As Olivers et al. (2011) recently suggested, WM items may be maintained in different states of activation, and that status may determine how extensively they influence the allocation of attention. This possibility was first suggested by Downing and Dodds (2004), who found that an irrelevant memory item did not interfere with search, and it was supported by Olivers and Eimer (2011), who found that the extent of memory guidance depended on the imminence of the memory test. The present findings suggest that predictably helpful memory cues will be strategically, actively maintained in the focus of attention in order to promote faster search for a matching target, and that they will also be immediately accessible if memory is probed. Predictably invalid memory items, on the other hand, will be shifted to an accessory status, so as not to impede search performance, and will therefore require more time to restore to an active state for a memory probe response. This is consistent with the proposal made by Oberauer (2002) that an internal focus of attention within WM can hold a single representation at a time, and that a separate store can simultaneously contain several items for direct access.
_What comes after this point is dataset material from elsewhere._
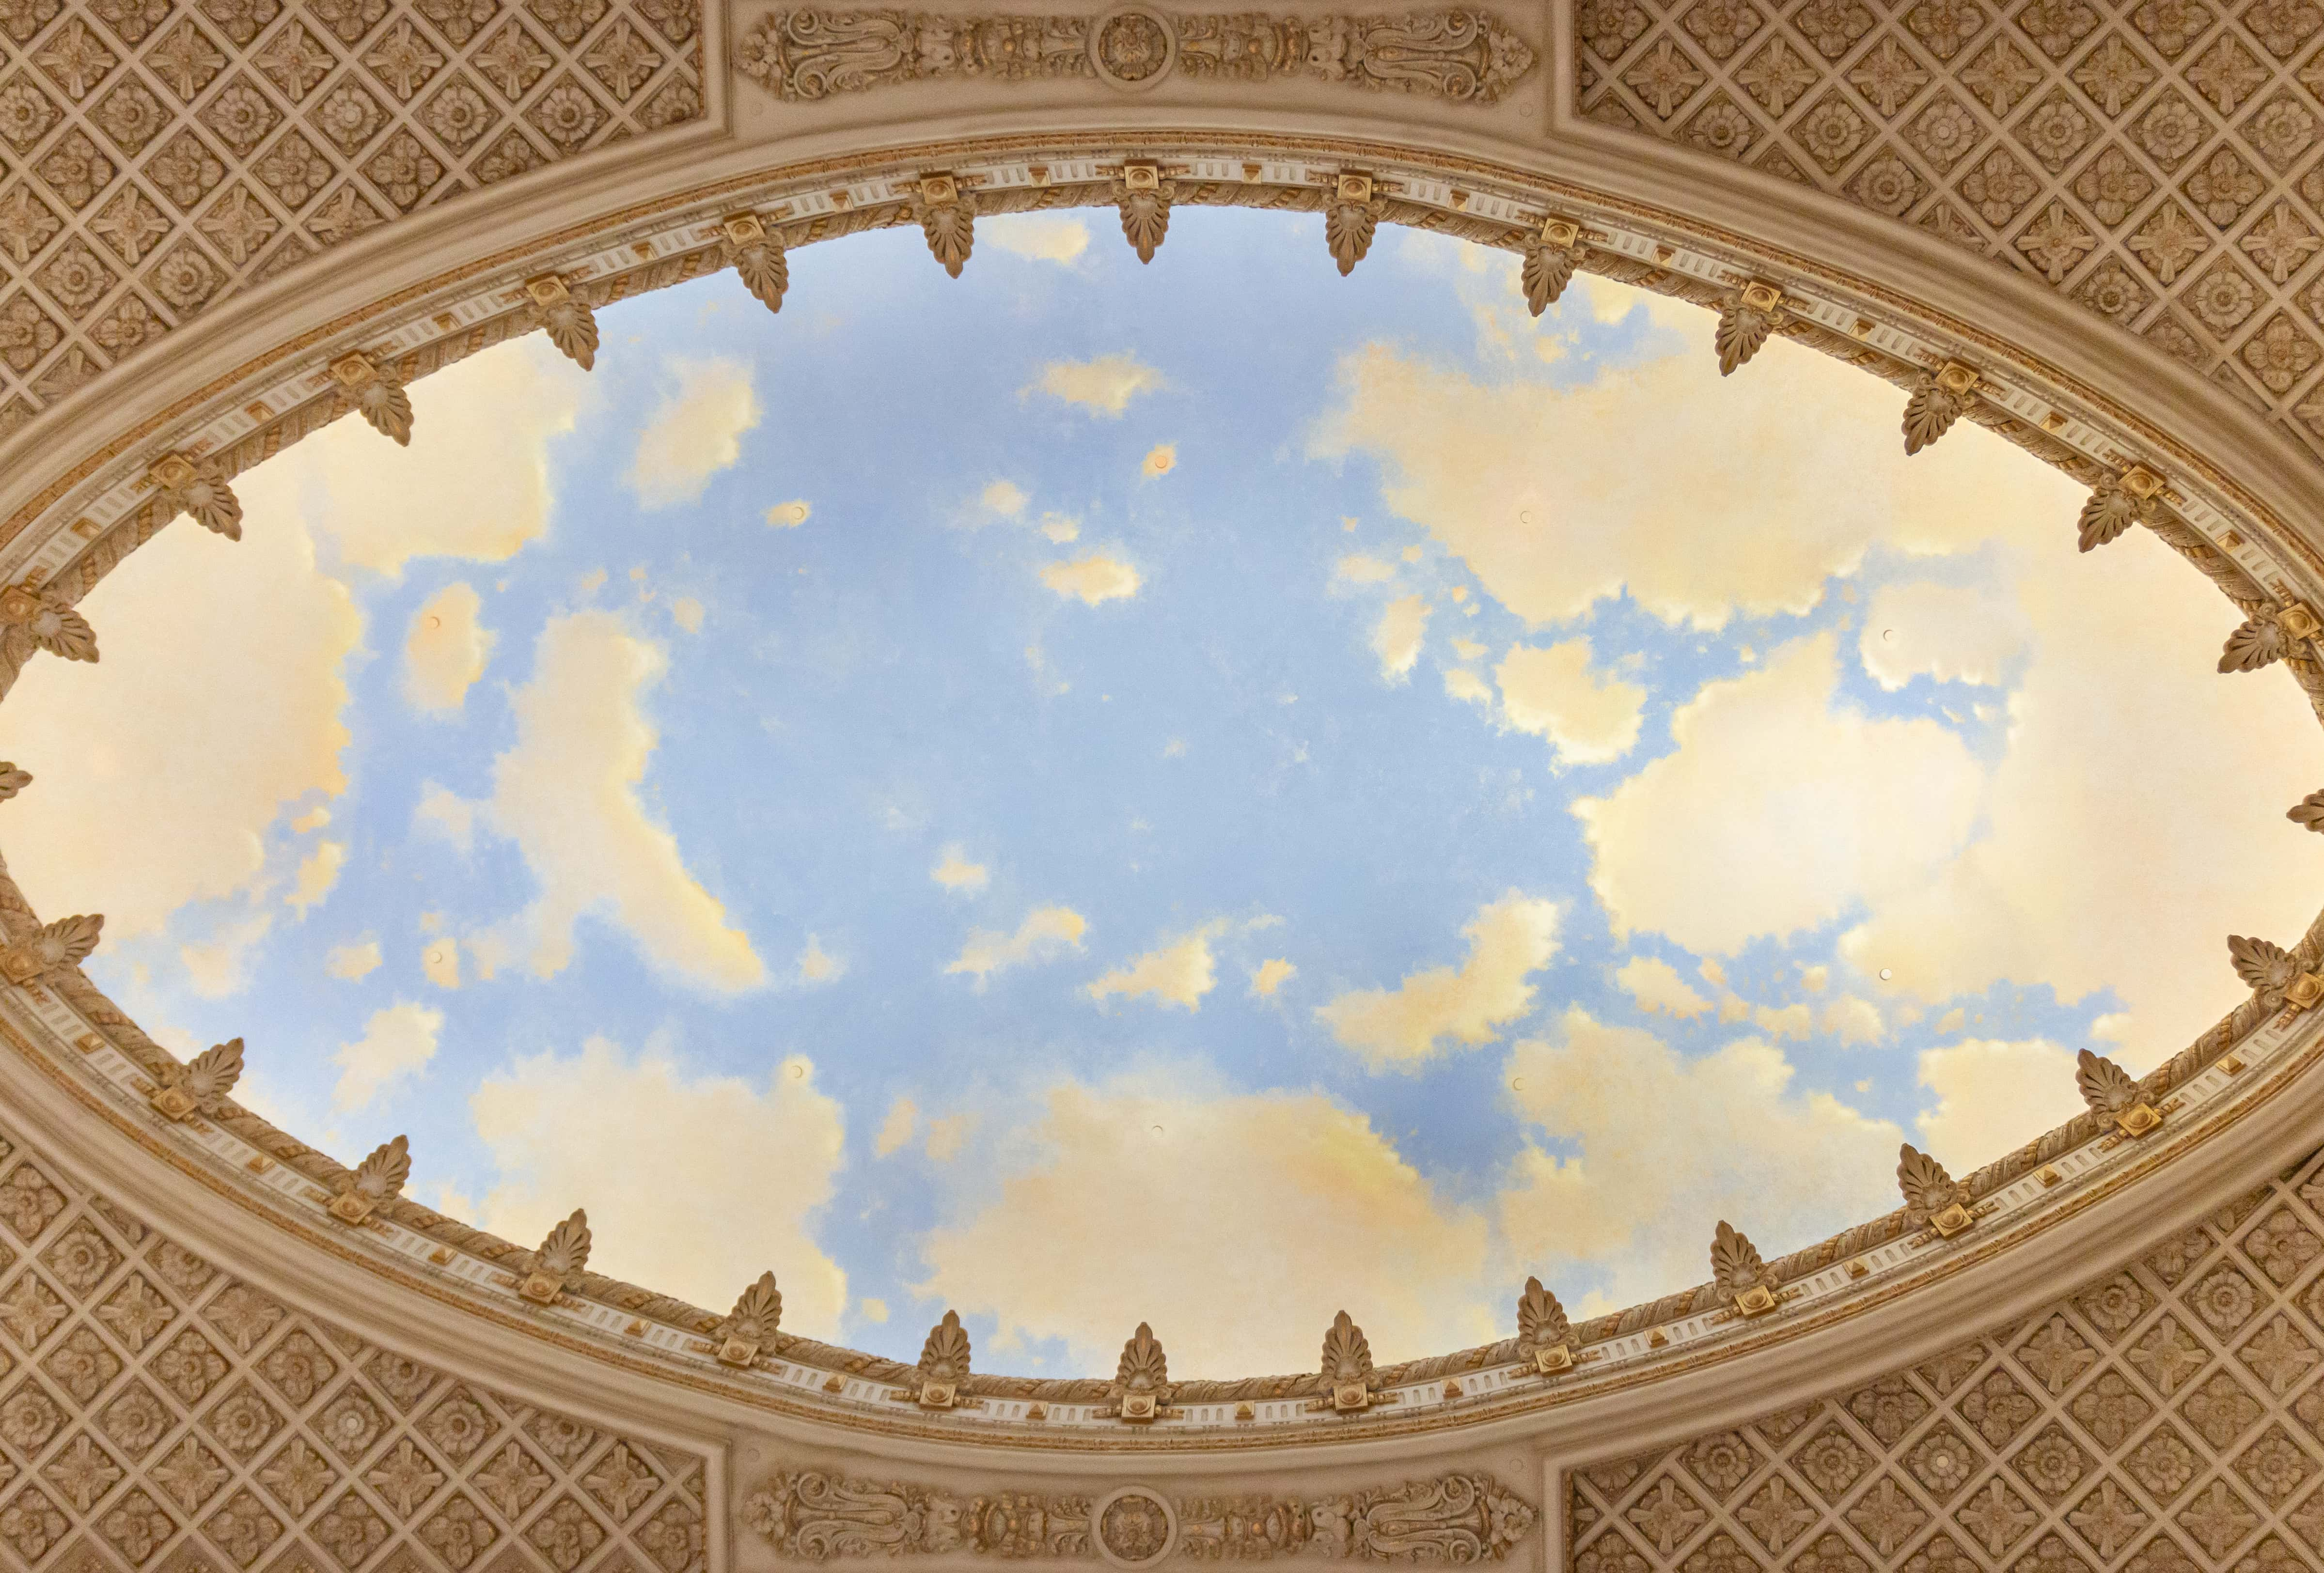 Tower Theatre Sky Mural

We propose that shifting between the internal focus of attention and the zone of direct access may be driven by the relevance of the WM contents vis-à-vis intermittent task goals.

Two important implications stem from these results. First, both the visual search and memory performance profiles indicate that a give-and-take relationship exists between the attention and WM components of this dual-task paradigm. When task demands necessitate a richly maintained memory representation, there are consequences for visual search performance that may be harmful or helpful, depending on the relationship between the memory contents and the search target. Likewise, when cognitive control is exerted to limit the impact of irrelevant memory contents on search performance, there are consequences for memory recognition. Thus, WM and attention processes appear to be tightly connected and not easily dissociable. Second, this cognitive control over WM biases is implemented (at least partly) through modification of the memory representation itself, and specifically via context-dependent enhancement or attenuation of the representation’s impact by shifting its WM state.